The surprise is that when you zoom far into the dense middle of the spectrum, rescaling so neighbouring eigenvalues sit about one unit apart, every reasonable random matrix produces the same paired-number table in the limit. That universal limiting table is the sine pattern, and it governs the fine-grained spacing of eigenvalues no matter what random rule built the matrix.

Visual Beginner

Picture two rows of dots on a line. The top row is a batch of independent raindrop points: they clump, leave big gaps, and sometimes two nearly touch. The bottom row is a batch of eigenvalues: they are eerily evenly spread, each keeping a polite distance from its neighbours, with no near-collisions and no large empty stretches. The eye can tell them apart instantly — the eigenvalue row looks "combed."

The little curve on the right is the punchline. It records the chance of finding a second eigenvalue a distance away from a chosen one. At zero distance the chance is zero — that is the repulsion. As the distance grows the chance climbs, gently overshoots, and levels off at the average rate. For the raindrops this curve would be flat at one everywhere, because independent points never notice each other.

Worked example Beginner

We compute the repulsion curve from the universal sine table in the simplest way, to see the zero-at-coincidence built in.

Step 1. The universal table assigns to a pair of spots separated by a distance $r$ the number $sin (π r) \div (π r)$ . When the two spots are the same, $r = 0$ , this expression is one (the value of $sin (π r) \div (π r)$ as $r$ shrinks to zero). When the spots differ, it is the familiar wavy function that crosses zero at every whole-number distance.
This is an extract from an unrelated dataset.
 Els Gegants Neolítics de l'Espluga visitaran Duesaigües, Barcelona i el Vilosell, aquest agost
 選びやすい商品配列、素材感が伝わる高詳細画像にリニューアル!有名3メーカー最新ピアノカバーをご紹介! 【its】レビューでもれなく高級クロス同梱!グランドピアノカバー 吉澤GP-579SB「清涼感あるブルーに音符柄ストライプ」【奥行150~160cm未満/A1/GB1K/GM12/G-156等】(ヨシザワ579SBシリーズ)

Step 2. The chance of finding eigenvalues at two spots, divided by the chance for two independent points, is one minus the square of that paired number. Call the paired number $s = sin (π r) \div (π r)$ ; the two-point answer is $1 - s^{2}$ .

Step 3. Put the two spots on top of each other, $r = 0$ . Then $s = 1$ , and the answer is $1 - 1^{2} = 1 - 1 = 0$ . The chance of two eigenvalues at the very same place is zero. That is level repulsion, stated as a single subtraction.
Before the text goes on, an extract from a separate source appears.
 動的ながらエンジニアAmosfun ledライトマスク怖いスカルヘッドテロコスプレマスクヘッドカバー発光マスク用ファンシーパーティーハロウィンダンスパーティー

Step 4. Now separate the spots by one unit, $r = 1$ . Then $sin (π \times 1) = sin (π) = 0$ , so $s = 0$ and the answer is $1 - 0 = 1$ . At distance one — the average spacing — the points behave as if independent again.
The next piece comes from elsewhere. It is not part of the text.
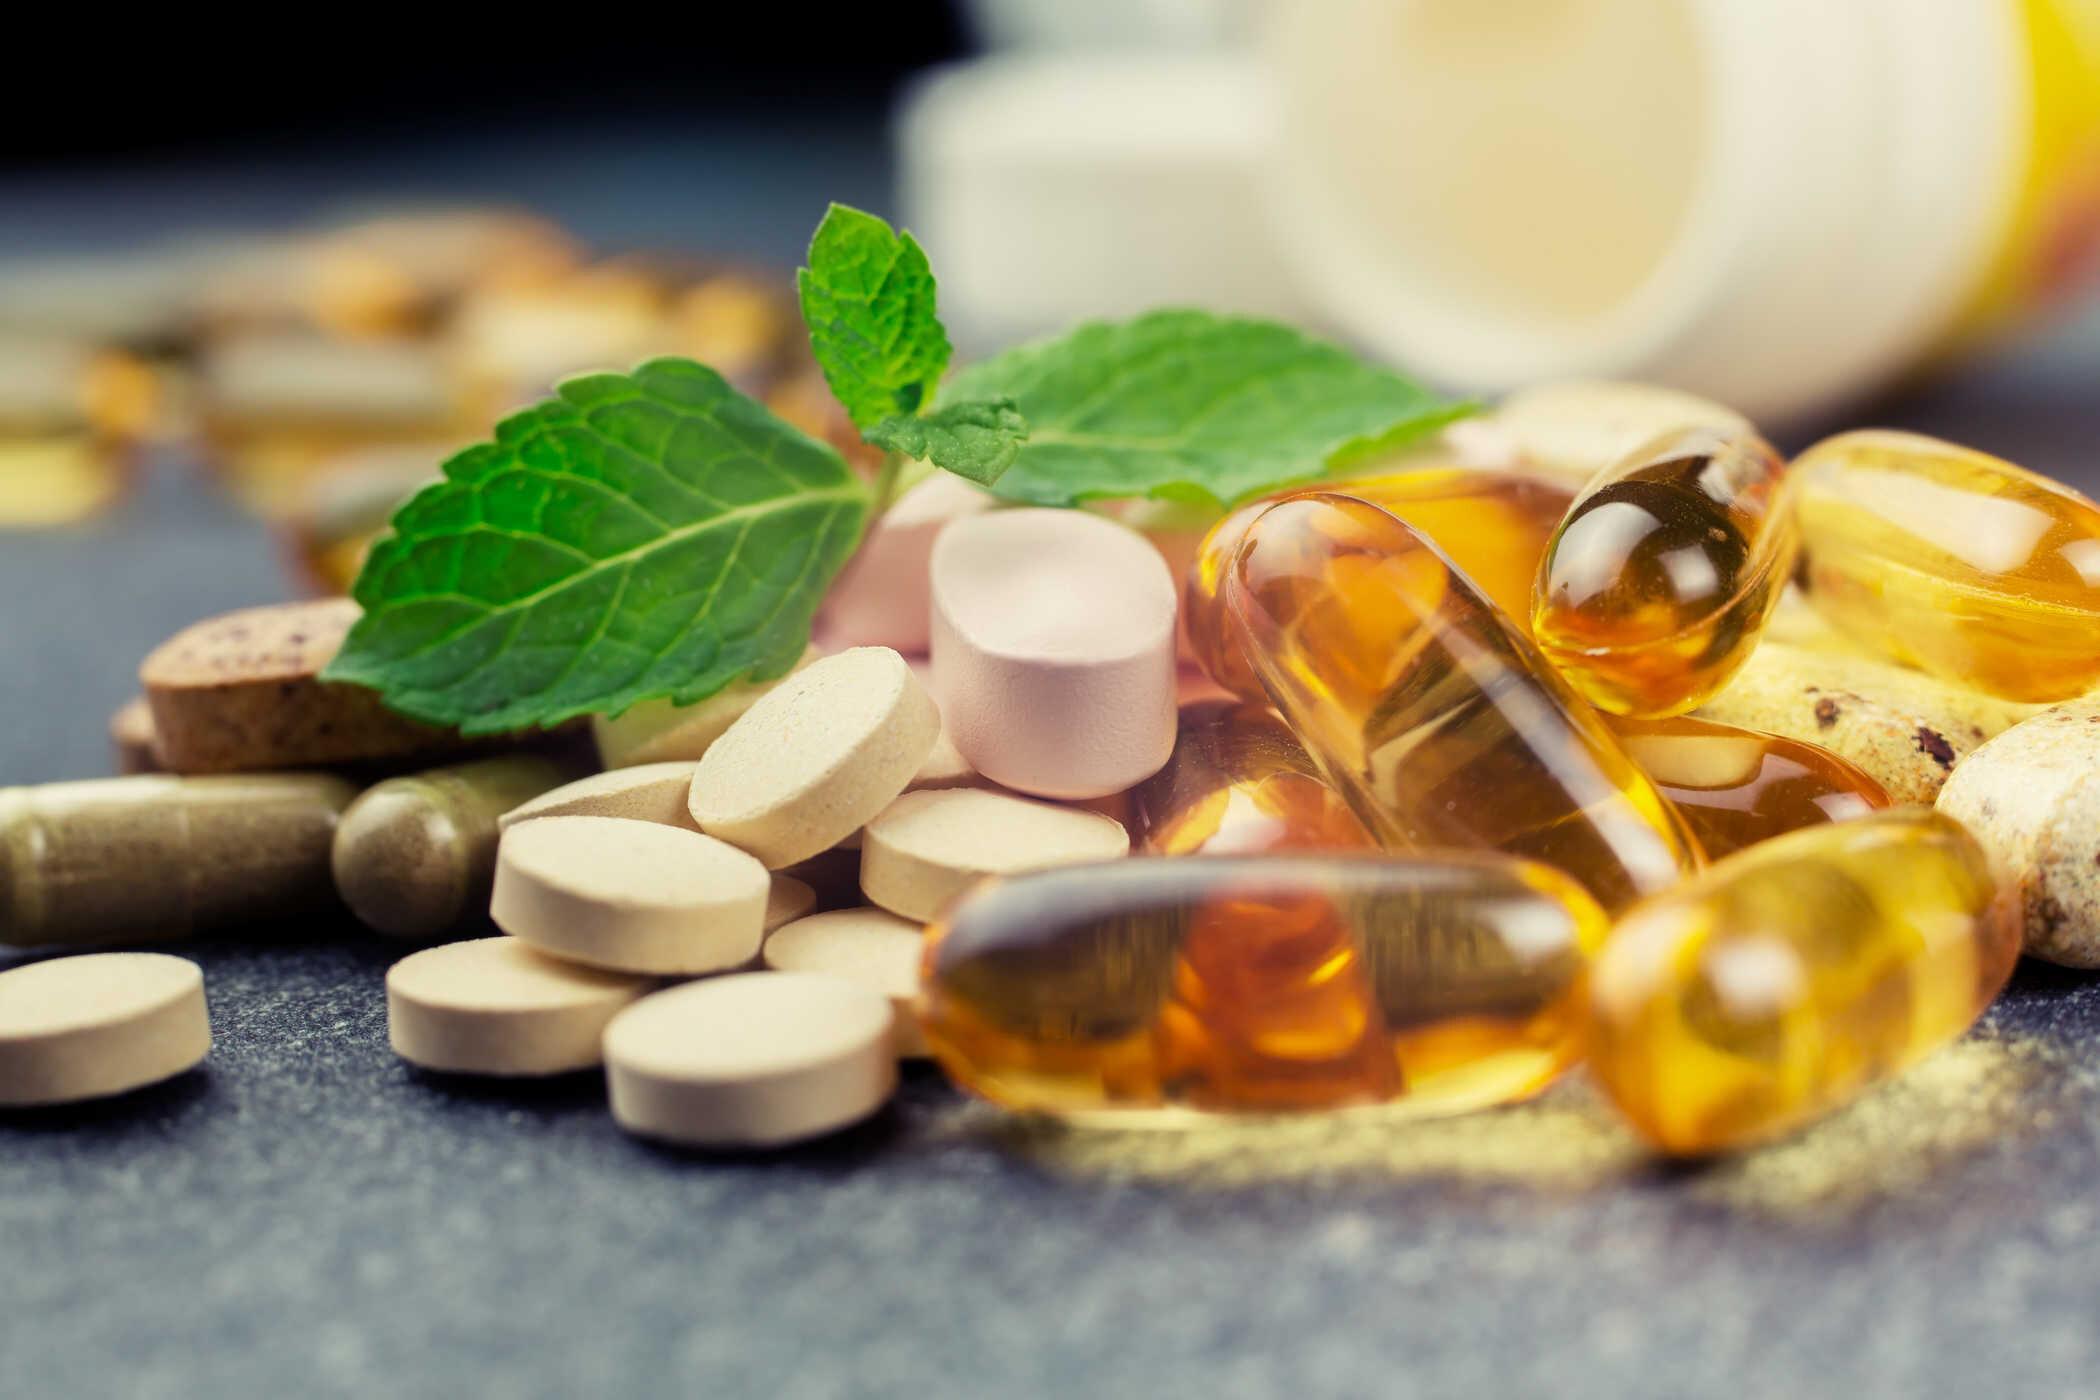 Bổ sung thuốc Omega 3 hỗ trợ trí não của bé phát triển vượt trội

Step 5. What this tells us: the one paired number $s = sin (π r) \div (π r)$ controls the whole spacing story. It equals one at zero distance, forcing the two-point chance down to zero (points cannot collide); and it dies away at larger distances, letting far-apart eigenvalues ignore each other. The single formula $1 - s^{2}$ is the repulsion curve drawn in the visual.

Check your understanding Beginner

Formal definition Intermediate+

Let $(E, E, λ)$ be a locally compact Polish space with a reference (Lebesgue-type) measure $λ$ . A simple point process on $E$ is a random locally finite configuration of points; its $k$ -point correlation function $ρ_{k} : E^{k} \to [0, \infty)$ is defined by requiring, for disjoint Borel sets $A_{1}, \dots, A_{k}$ , $$ \mathbb{E}\Big[\prod_{i=1}^k N(A_i)\Big] = \int_{A_1\times\cdots\times A_k} \rho_k(x_1,\dots,x_k), d\lambda(x_1)\cdots d\lambda(x_k), $$ where $N (A)$ counts points in $A$ . Informally $ρ_{k} (x_{1}, \dots, x_{k}) d λ (x_{1}) \dots d λ (x_{k})$ is the probability of finding a point in each infinitesimal neighbourhood of $x_{1}, \dots, x_{k}$ .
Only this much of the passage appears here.